Works of radical self-abnegation and latent cruelty like Julian Hoeber’s Killing Friends (2001) and Nathalie Djurberg’s claymations like Untitled (Working Title Kids & Dogs) (2007) fall outside ideology and enlightened discourse. Further poking at the pathetic, the flawed and the failed, Harry Dodge and Stanya Kahn improvise characters who are all Id with no discernible filters. Like most of the protagonists of A Lower World, they are unhinged from any sense of purpose, foraging for contact and any kind of agency. Dreadful and funny, they are the female counterparts to the men that Laurel Nakadate courts in her videos. She demonstrates how to reach out and touch someone. “…As much as it is pathetic and funny and sad and ridiculous, at the end of the day it’s about the hope that something will go right, and the constant wishing for a world where things might start to make sense,” says Nakadate in an interview with The Believer.
Mike Kelley meanwhile examines the rituals of social indoctrination that occur in American high school education, revealing their impressive pomp and irrational power. But what happens when order collapses in a nervous breakdown? In Casting Spells (2006), Emily Jones’s performance unravels literally and figuratively as she unravels the plight of Israeli Palestinians. One can try to create a safe container for dark illogical urges. Kim Kyung-Mook’s scatological feature Faceless Things (2005) tries to contain two disturbing sexual encounters within its rigorous, unflinching camera-gaze.
Instead of the shit in Faceless Things, it is vomit that dominates Gale Allen’s performances and Martin Creed’s Sick Film (2006). Over-consumption activates an equal and opposite reaction. Instead of rejecting overproduction, John Bock and Hooliganship re-utilize the colourful and grotesque detritus found in the bargain basement of Western civilization. Cycling through discursive digressions, Bock’s happenings blow out the narrow confines of contemporary reality to ground us in the lowly and earthy side of life.

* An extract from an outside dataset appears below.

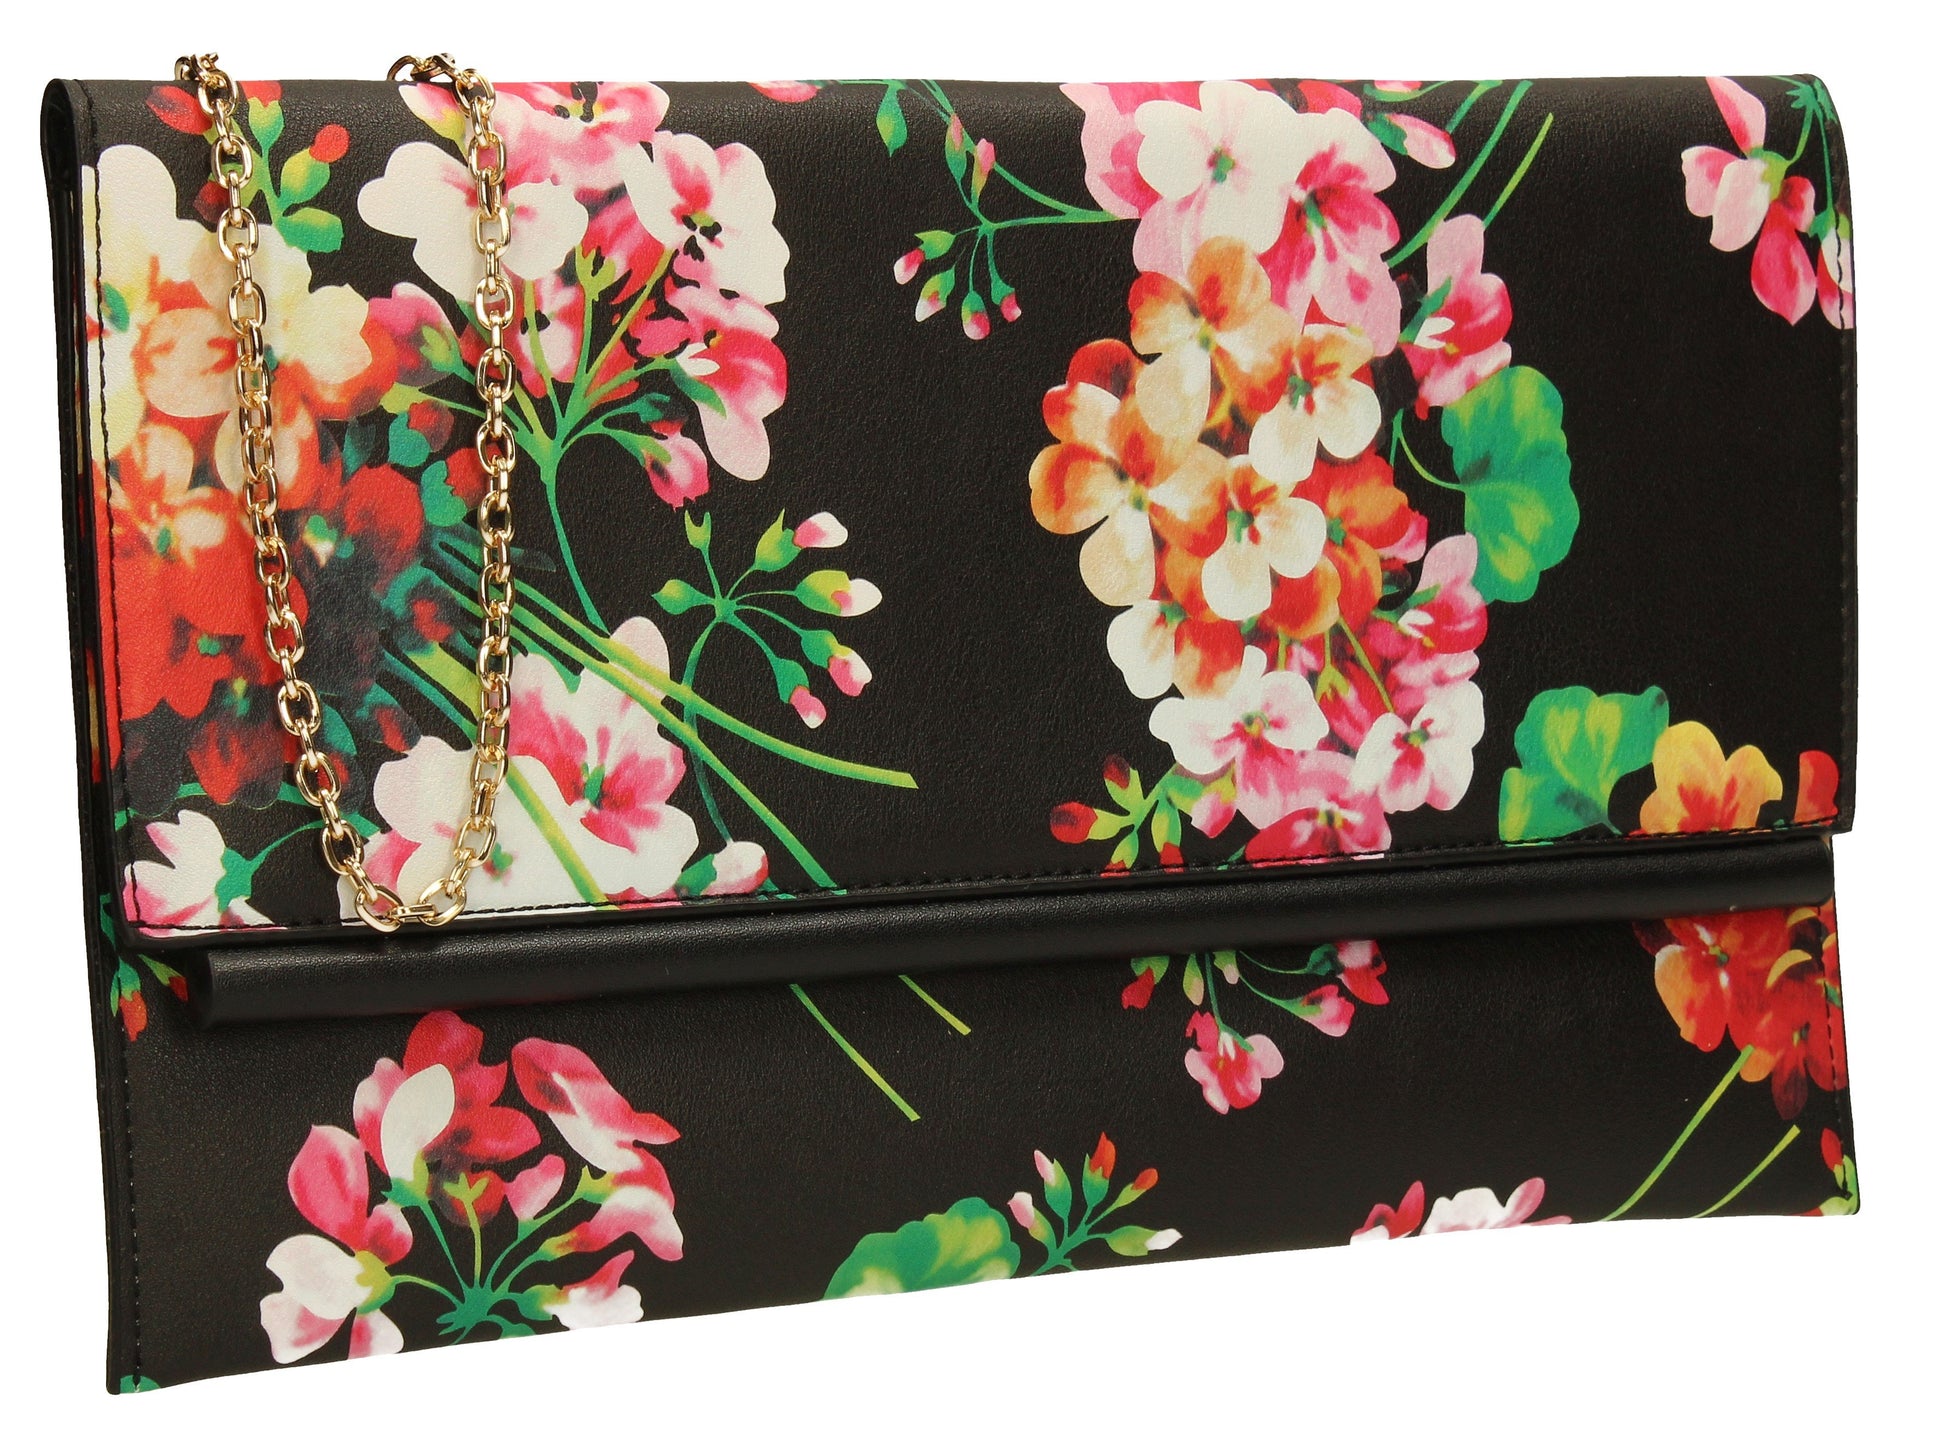 SWANKYSWANS Kate Floral Clutch Bag Black Cute Cheap Clutch Bag For Weddings School and Work

A Lower World presents an inversion of the normal hierarchy of intention. Low culture trumps high culture. Pop replaces history and repulsion frees the imagination from intellect. The conceptual flow is reversed. Subconscious urges flow over critical judgment and its versions of logic, beauty and truth. The wasteful, absurd, dissolute, entropic, flawed, misbegotten and vile are given centre stage. Fully embodied performances channel the animal within as well as psychosis and perversion. Cravings and appetites are privileged, insanity indulged. Is the irrational so irrational and is the absurd so absurd? Everything has its place and its reasons. Unreason is best if one wants to explore freely and make discoveries without prejudice. A Lower World fully acknowledges its lack of omnipotence but not its lack of potency.